I started my second company five years ago. I also have a second daughter who
is five years old, Julia. This company was a much more serious venture. I was
appointed CEO, we were four founders and raised 1M€. We all worked long hours
and had a great time from the start. Now we are ten employees and I'm still
the CEO.

Here are the immediate effects I have seen from starting a new company
simultaneously with getting a kid, twice:

\- You focus on the business model and sales, sales, sales rather than just
cool tech, which is beneficial for everybody involved. However, there is
always room for cool tech as well.

\- You have to push yourself to get to work, and do good stuff everyday.
Because your family depends on it. You don't settle for mediocrity.

\- You get a counter-balance that keeps you in check. Especially when you are
successful with doing something fun it is very easy to burn out. Out of four
founders, two of us have kids while the other two didn't at the time. I'm
sorry to say that those two burned out and left the company, while me and my
other child-bearing co-founder remained.

\- You raise kids that get an entrepreneurial outlook on life. They think it
is natural to have your own company, to be the boss of your own life.
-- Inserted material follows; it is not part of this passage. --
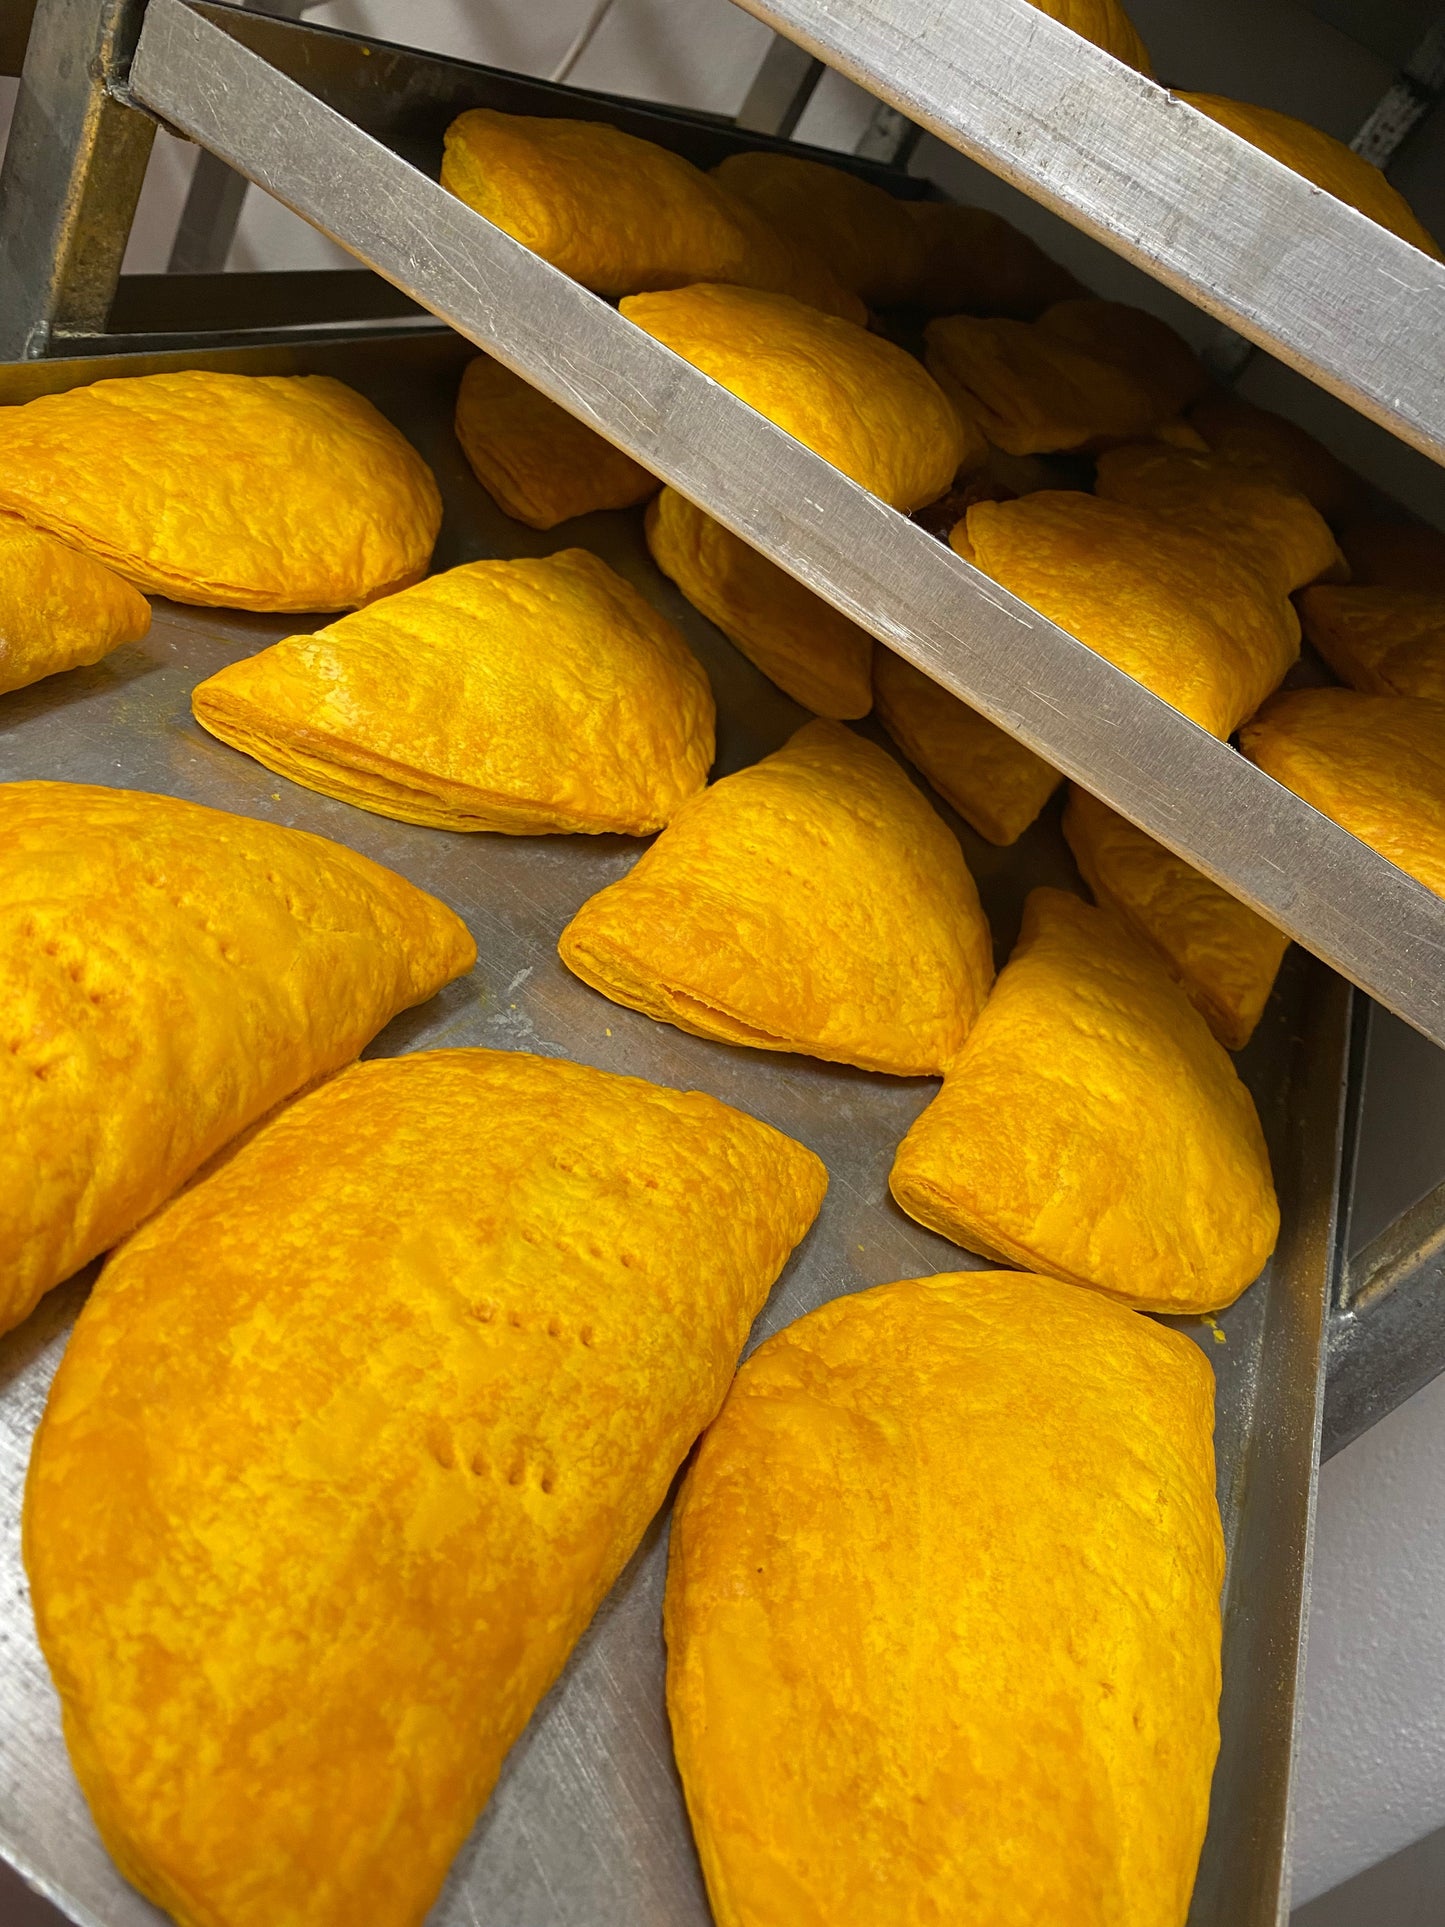 With delivery Sample Box Jamaican Patties

\- If you are blessed with healthy kids, having them is hardest work in the
beginning. Everything gets easier and easier from day one. At least so far.

All in all, I don't regret for a second my choices the past years. Because
what are the alternatives? Not having these awesome kids that now rock my
world? Not having started these awesome companies that have defined a lot of
who I am today? No way.

If you get the opportunity to start a family with someone you love and who
supports you, don't hesitate for a second. If you get the opportunity to start
a company with people you'd love to work with, don't hesitate for a second.

If those two happen to you at the same time? Wow, you are truly blessed with
good fortune! Go kick some major ass!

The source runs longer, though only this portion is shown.